Danny Phantom, the Ghost King, had arrived.
The moment he set foot—or rather, floated—on the Watchtower’s floor, he held out a gloved hand, his expression neutral but expectant.
“Alright, let’s get this over with,” he said. “I assume you called me for something important. Where’s my offering?”
John Constantine, ever the opportunist, smirked and stepped forward. With an exaggerated flourish, he reached into his coat and pulled out a cigarette before dramatically crushing it between his fingers. Then, placing a hand over his chest, he said, “How ‘bout my soul, mate?”
Danny turned to him, eyes narrowing slightly before his lips curled in distaste. “Ew. No one wants your broken, old soul, Constantine.”
The League collectively inhaled sharply. Superman coughed to cover a chuckle. Batman’s lips twitched ever so slightly. Zatanna stifled a snicker behind her gloved hand. Constantine, looking slightly offended, scoffed and took a drag of a new cigarette. “Well, can’t blame a bloke for tryin’.”
Wonder Woman, arms crossed, took a step forward. “Then tell us, Ghost King, what is it that you desire?”
Danny crossed his arms, looking at them all appraisingly. Then, with a small smirk, he said, “Honestly? I just want some good homemade sweets. Best you can find.”
Silence stretched between them as the request sank in. Then—
“I know just the thing,” Superman said immediately, a fond smile spreading across his face as he thought of Ma Kent’s famous homemade pies.
Batman hummed. “Alfred’s cookies.” His tone was decisive, as if it were an undeniable fact that they were superior.
Superman’s gaze sharpened. “You think your butler’s cookies can top my mom’s pies?”
Batman turned his head just enough to meet Superman’s challenge. “Yes.”
Danny, watching this unfold, raised a brow. “Wait—”
Flash grinned and clapped his hands together. “Oh-ho! This just got interesting.”
Wonder Woman smirked. “A contest of sweets, then?”
And just like that, the battle lines were drawn.
Superman wasted no time contacting his mother, explaining the situation with excitement in his voice. Meanwhile, Batman sent an encrypted message to Alfred, who replied with a simple: Understood. Commencing preparations.
Danny, who had just wanted some cookies or pie, now found himself at the center of an intergalactic baking war.
“Uh,” he started, watching as Superman and Batman prepared to bring their respective champions into the fray. “…This isn’t what I expected, but I’m not complaining.”
Constantine clapped him on the back. “Buckle up, kid. You just started the Bake-Off of the Century.”
And so, the great Bake War between Ma Kent and Alfred Pennyworth commenced, all for the favor of one very amused Ghost King.

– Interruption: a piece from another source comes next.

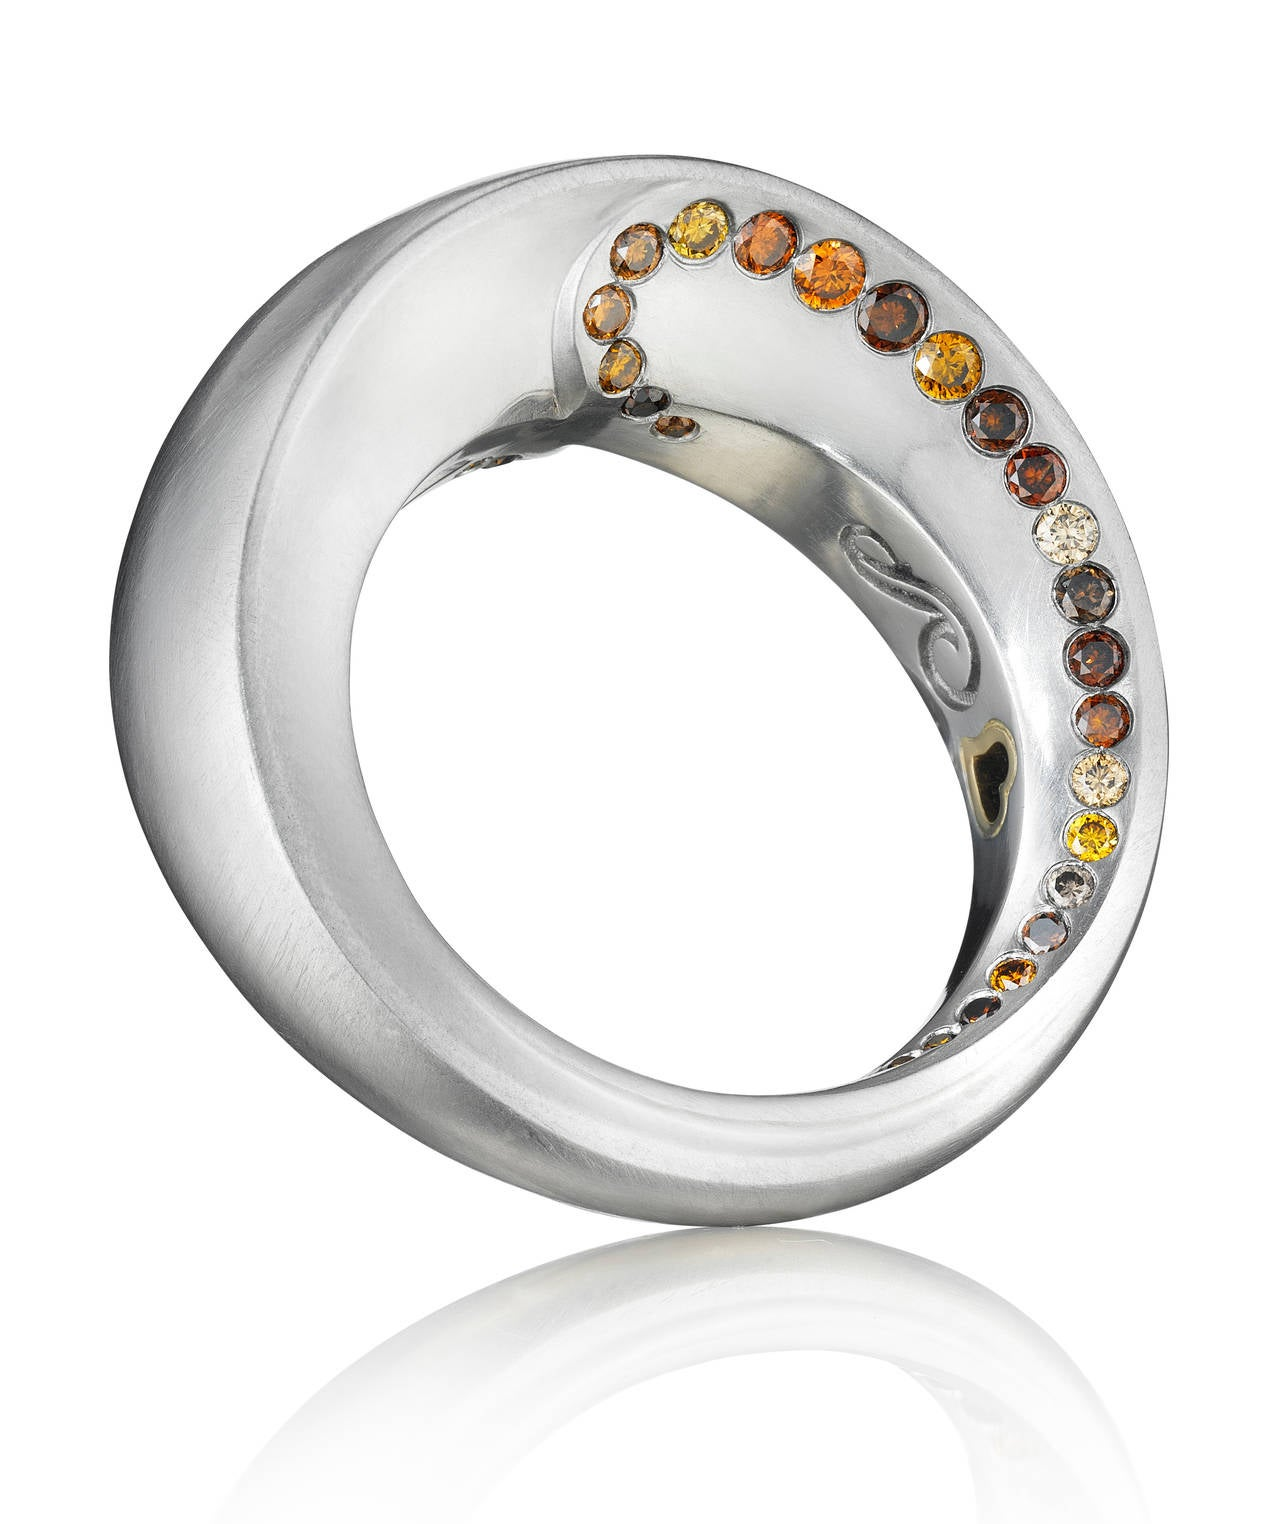 Modern Naomi Sarna Award-Winning Golden Orange Brown Diamond Platinum Ring For Sale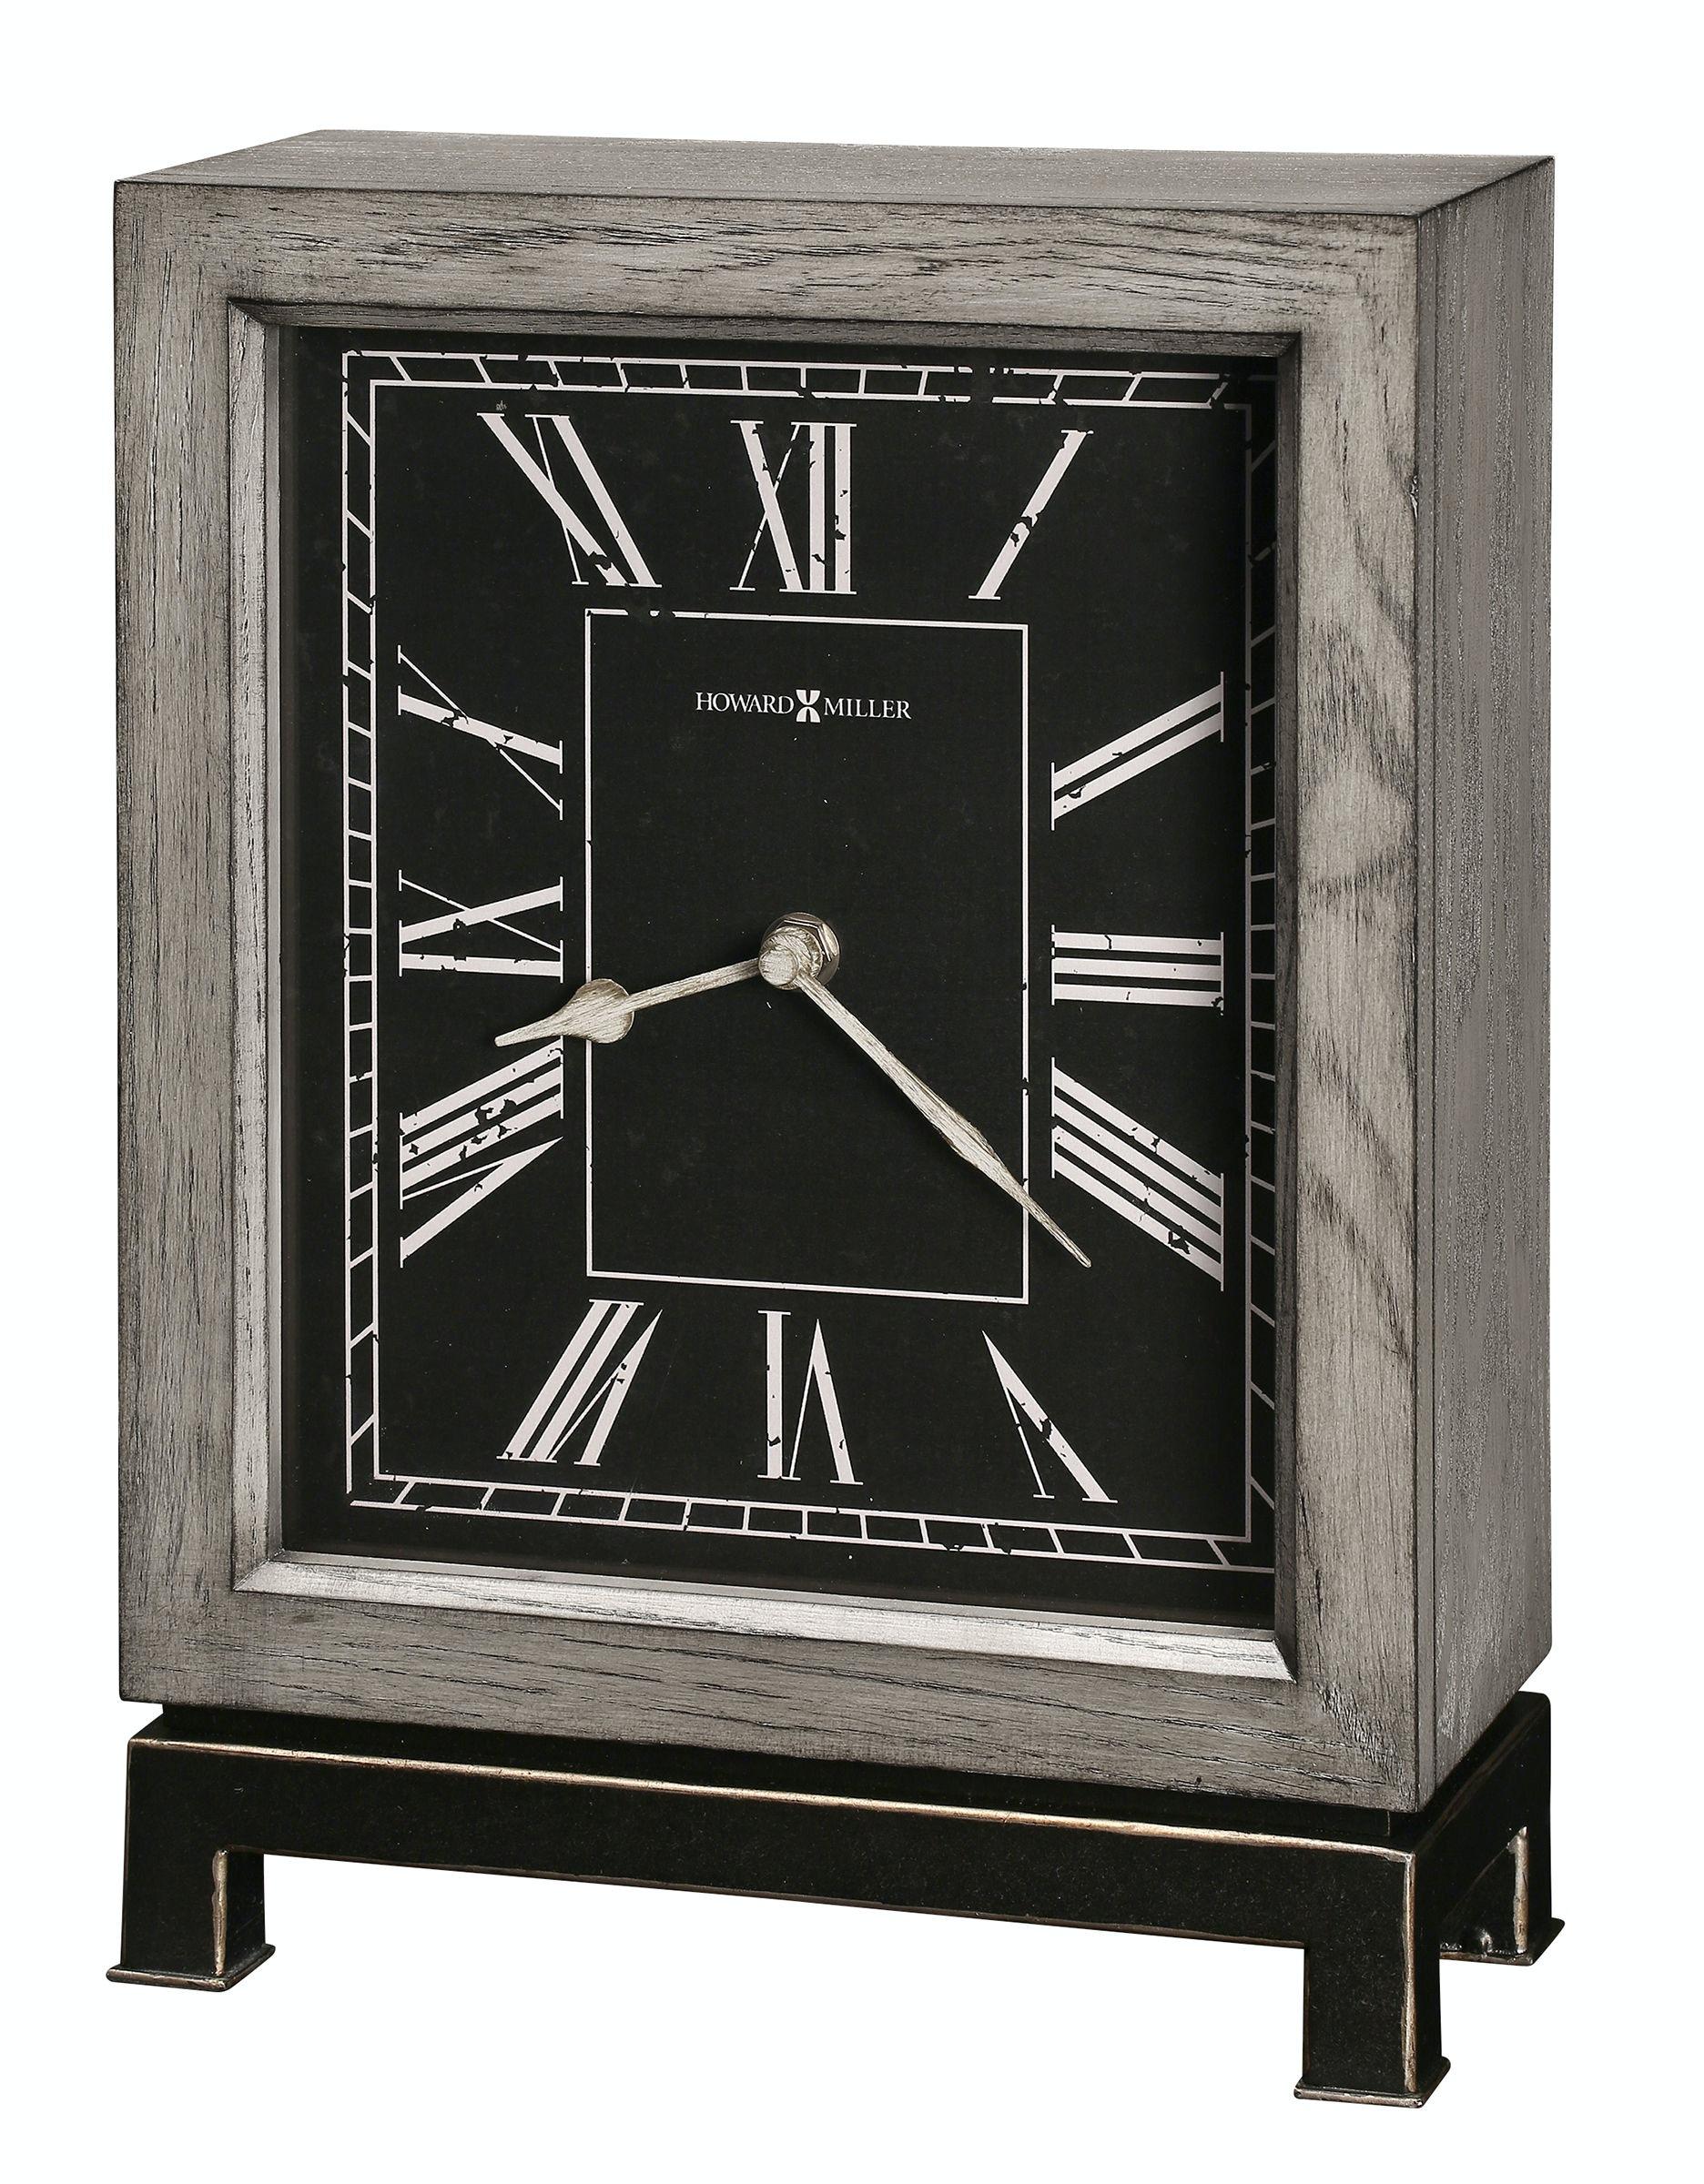 Howard Miller Accessories Merrick Clocks Mantel 635 189

Two days later, the Watchtower kitchen was in utter chaos.
Flash had somehow been appointed the official taste tester and was already on his fifth plate, buzzing with sugar-induced energy. Green Lantern had made a bet on Alfred and was wearing an apron that said Kiss the Cook, despite not actually doing any cooking.
Martian Manhunter was curiously sniffing a pecan pie, while Wonder Woman was critiquing Superman’s rolling technique. "Kal, you are treating that dough as if you were forging a sword. Relax. Let it breathe."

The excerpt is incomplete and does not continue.